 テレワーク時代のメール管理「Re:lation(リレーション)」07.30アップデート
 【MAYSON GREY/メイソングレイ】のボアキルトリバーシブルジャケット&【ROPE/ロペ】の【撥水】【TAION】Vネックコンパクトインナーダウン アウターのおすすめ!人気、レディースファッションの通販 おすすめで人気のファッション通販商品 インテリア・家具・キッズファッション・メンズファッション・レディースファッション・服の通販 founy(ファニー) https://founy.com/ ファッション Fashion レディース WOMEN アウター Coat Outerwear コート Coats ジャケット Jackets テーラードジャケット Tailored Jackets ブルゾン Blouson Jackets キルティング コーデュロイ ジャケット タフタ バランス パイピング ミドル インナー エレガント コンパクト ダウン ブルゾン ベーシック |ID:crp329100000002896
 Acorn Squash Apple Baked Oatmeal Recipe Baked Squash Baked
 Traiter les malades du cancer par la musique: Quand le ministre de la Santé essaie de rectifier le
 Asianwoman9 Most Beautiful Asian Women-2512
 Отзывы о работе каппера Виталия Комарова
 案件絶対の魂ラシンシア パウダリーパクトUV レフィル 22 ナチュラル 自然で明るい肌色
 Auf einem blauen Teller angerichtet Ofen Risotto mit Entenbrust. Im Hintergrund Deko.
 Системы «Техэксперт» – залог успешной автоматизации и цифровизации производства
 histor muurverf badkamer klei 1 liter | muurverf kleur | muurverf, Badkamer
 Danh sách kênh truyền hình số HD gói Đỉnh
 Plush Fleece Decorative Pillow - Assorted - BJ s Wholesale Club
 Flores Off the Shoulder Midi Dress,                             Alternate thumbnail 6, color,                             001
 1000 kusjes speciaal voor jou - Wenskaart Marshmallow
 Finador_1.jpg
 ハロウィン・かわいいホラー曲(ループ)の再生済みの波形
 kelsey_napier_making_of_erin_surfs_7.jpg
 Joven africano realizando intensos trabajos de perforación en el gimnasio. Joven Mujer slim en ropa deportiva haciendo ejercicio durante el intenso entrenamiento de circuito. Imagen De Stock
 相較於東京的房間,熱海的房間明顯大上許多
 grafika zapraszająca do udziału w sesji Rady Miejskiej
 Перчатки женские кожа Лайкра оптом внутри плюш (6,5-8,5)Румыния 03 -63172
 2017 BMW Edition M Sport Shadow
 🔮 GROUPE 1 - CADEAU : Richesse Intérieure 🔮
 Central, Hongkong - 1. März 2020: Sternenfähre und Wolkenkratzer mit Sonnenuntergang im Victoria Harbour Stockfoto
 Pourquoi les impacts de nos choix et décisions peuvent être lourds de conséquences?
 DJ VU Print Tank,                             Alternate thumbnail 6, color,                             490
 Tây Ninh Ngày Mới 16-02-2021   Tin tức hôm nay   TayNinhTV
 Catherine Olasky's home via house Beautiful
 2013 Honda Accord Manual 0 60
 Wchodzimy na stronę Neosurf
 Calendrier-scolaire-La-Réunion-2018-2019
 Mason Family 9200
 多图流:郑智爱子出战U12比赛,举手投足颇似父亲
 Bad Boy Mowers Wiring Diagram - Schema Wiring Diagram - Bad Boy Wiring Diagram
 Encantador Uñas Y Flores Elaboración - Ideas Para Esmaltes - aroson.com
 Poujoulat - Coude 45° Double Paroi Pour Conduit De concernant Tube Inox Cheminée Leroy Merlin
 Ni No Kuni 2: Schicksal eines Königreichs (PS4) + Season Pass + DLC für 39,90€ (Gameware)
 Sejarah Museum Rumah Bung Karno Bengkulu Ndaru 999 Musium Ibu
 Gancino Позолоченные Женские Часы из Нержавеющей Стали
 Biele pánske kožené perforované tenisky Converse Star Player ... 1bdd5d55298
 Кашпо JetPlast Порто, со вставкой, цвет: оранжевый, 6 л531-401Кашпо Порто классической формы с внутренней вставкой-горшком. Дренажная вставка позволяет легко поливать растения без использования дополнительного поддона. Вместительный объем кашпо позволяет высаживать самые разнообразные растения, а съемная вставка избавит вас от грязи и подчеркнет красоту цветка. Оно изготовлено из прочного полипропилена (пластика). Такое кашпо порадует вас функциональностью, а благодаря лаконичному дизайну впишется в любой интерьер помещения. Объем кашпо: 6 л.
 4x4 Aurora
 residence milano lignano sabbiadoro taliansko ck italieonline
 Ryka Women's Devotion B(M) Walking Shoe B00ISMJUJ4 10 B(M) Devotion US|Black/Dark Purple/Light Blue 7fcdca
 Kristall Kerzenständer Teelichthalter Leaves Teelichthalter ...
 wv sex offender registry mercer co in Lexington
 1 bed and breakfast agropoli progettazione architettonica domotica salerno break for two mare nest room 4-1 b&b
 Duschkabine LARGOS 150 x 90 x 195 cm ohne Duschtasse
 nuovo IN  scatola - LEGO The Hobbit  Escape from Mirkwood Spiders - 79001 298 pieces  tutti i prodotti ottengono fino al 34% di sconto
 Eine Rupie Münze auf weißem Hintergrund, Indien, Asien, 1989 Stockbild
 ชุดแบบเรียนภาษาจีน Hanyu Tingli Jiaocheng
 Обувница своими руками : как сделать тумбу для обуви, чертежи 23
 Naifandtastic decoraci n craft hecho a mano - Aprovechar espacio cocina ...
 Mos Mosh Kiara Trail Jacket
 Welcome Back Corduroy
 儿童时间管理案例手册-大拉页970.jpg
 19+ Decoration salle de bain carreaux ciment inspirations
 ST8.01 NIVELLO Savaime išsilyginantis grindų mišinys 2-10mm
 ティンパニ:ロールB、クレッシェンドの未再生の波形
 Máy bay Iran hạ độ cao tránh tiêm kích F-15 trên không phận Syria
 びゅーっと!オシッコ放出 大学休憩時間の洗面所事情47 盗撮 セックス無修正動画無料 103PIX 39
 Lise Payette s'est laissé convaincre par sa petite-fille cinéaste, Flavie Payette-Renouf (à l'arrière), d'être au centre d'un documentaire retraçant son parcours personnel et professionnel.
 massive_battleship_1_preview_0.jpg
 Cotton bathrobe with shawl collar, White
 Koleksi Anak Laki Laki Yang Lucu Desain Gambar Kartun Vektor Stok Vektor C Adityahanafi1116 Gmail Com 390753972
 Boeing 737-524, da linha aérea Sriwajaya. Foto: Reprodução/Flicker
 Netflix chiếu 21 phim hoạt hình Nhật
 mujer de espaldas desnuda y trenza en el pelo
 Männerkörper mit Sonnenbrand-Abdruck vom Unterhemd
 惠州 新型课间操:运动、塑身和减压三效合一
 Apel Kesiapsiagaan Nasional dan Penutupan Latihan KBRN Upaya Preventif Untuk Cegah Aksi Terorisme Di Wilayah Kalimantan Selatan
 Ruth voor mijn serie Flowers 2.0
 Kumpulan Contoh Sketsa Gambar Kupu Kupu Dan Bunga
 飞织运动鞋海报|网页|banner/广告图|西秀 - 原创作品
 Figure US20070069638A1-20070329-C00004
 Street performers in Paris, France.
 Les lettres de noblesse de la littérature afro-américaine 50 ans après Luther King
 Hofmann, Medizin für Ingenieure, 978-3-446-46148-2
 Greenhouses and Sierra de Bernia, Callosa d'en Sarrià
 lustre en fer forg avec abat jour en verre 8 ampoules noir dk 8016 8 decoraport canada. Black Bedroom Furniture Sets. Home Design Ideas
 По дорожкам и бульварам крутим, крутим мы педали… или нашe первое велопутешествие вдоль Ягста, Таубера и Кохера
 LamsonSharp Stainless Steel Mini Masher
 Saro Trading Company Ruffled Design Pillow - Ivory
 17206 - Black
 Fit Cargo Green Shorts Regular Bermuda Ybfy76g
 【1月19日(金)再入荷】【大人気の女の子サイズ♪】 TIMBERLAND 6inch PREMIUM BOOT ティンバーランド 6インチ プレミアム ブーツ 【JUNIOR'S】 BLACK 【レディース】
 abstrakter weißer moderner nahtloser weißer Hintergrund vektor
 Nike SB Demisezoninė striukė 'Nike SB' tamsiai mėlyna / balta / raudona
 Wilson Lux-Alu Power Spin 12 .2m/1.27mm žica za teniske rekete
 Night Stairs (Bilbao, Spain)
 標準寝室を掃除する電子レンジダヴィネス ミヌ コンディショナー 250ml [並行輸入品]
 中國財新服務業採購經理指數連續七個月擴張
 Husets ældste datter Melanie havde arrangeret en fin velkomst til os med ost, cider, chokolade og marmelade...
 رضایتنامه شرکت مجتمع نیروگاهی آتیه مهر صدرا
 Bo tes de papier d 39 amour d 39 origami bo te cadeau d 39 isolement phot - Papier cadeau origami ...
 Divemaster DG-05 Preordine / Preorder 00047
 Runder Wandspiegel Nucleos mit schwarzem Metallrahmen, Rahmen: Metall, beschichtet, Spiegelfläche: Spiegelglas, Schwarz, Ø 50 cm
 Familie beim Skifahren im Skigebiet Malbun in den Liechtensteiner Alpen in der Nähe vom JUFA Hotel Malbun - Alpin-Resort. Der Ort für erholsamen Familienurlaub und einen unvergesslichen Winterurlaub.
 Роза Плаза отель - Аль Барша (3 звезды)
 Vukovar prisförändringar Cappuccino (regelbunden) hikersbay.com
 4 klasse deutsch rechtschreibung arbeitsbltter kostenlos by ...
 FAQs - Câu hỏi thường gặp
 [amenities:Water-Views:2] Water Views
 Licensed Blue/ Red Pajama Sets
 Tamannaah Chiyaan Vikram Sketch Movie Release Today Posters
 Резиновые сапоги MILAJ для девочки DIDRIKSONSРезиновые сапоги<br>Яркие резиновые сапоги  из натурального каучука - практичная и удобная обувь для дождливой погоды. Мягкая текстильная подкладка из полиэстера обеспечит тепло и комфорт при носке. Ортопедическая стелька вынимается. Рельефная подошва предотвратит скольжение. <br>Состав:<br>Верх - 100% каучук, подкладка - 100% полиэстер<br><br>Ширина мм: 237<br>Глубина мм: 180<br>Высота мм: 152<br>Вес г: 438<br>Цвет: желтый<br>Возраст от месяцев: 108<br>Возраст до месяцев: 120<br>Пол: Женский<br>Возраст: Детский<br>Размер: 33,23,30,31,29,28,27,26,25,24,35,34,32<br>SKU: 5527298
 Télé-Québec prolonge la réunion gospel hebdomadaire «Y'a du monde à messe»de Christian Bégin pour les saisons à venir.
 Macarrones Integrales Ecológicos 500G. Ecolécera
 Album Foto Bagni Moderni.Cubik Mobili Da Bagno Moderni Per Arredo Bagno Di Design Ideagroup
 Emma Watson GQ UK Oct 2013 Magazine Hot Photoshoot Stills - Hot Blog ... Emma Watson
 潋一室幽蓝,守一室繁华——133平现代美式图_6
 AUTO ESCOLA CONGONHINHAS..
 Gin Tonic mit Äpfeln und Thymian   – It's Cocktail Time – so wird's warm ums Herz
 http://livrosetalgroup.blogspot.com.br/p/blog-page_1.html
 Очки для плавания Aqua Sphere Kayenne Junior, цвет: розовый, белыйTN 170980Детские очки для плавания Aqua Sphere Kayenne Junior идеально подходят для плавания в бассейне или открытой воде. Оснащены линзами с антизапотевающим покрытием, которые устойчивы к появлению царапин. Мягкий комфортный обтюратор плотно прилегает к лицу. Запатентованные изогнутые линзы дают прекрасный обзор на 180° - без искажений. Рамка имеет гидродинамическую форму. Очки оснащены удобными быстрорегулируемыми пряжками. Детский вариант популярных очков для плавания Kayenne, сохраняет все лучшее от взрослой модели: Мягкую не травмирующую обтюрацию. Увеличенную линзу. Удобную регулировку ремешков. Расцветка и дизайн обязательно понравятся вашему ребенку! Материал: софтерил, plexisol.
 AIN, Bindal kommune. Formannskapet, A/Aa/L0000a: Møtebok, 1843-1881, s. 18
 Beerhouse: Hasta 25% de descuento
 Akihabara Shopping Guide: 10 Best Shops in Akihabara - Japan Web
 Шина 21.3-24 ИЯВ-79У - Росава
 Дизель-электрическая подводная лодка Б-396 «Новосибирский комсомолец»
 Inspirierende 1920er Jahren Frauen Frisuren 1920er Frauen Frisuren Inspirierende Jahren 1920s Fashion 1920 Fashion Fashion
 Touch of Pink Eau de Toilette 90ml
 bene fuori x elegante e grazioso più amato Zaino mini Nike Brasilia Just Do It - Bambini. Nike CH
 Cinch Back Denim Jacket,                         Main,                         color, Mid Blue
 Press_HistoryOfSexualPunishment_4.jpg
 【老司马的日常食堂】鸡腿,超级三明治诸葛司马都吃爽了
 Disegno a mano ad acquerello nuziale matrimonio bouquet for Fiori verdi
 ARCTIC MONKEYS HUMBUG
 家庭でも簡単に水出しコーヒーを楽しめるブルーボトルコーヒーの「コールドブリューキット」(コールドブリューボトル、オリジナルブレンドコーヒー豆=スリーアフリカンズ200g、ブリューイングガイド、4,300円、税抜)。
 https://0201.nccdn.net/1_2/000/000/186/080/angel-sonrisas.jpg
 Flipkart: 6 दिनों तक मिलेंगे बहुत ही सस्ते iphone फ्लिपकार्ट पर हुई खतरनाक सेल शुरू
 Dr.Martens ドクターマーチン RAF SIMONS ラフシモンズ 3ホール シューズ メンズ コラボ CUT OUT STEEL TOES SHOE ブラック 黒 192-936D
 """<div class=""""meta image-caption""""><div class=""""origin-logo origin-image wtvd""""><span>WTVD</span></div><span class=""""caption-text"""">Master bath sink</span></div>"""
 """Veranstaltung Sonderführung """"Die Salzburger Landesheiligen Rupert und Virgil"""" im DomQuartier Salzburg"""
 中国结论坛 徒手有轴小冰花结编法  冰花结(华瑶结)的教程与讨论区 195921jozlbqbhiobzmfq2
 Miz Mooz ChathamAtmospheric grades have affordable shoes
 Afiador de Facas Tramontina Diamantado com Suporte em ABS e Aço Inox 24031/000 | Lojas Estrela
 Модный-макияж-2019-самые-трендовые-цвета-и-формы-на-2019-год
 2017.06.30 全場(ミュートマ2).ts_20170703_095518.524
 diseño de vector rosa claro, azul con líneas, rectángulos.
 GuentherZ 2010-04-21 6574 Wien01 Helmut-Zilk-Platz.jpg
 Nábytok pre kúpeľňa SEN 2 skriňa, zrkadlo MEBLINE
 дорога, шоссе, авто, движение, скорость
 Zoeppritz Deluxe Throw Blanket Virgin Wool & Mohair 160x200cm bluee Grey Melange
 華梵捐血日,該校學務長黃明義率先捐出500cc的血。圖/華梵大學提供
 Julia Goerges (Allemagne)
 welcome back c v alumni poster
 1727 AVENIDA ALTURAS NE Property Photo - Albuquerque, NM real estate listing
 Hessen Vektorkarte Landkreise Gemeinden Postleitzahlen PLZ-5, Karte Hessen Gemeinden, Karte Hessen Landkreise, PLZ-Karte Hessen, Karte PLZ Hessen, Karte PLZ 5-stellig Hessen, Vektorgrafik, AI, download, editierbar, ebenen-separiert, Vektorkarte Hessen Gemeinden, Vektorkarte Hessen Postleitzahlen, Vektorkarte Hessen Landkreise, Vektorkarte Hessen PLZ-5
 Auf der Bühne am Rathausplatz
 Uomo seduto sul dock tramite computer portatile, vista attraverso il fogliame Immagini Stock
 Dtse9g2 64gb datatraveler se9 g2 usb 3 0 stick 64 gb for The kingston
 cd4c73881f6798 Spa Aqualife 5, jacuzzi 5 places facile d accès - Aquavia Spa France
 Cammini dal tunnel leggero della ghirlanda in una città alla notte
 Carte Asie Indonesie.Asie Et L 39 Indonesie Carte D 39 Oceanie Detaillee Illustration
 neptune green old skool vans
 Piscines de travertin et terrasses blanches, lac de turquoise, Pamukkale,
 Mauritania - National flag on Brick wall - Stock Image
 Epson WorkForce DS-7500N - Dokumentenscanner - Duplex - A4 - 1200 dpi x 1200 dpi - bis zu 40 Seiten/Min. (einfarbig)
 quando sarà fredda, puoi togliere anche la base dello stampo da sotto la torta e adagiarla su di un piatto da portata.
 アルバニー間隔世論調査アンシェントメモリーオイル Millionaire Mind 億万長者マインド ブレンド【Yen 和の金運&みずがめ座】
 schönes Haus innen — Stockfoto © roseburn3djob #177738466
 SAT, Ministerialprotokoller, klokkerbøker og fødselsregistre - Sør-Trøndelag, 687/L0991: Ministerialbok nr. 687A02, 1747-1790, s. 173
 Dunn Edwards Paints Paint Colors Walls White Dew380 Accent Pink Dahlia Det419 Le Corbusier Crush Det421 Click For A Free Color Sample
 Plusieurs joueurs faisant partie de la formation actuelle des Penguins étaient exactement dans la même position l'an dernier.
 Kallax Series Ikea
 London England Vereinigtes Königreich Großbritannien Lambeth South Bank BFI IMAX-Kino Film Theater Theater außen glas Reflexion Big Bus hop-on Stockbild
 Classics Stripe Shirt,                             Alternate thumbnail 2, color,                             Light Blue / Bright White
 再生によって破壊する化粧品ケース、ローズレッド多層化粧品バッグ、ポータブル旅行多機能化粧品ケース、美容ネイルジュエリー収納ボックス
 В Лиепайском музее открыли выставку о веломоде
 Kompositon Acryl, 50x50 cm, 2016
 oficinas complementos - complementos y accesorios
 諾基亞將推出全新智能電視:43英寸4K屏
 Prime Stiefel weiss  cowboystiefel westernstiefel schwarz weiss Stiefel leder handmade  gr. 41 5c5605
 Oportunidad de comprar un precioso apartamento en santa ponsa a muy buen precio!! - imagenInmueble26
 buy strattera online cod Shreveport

++++++++++

• **PROBLEM**
Filter the entries and copy each line with "Ideas".

• **RESPONSE AREA**
 Encantador Uñas Y Flores Elaboración - Ideas Para Esmaltes - aroson.com
 lustre en fer forg avec abat jour en verre 8 ampoules noir dk 8016 8 decoraport canada. Black Bedroom Furniture Sets. Home Design Ideas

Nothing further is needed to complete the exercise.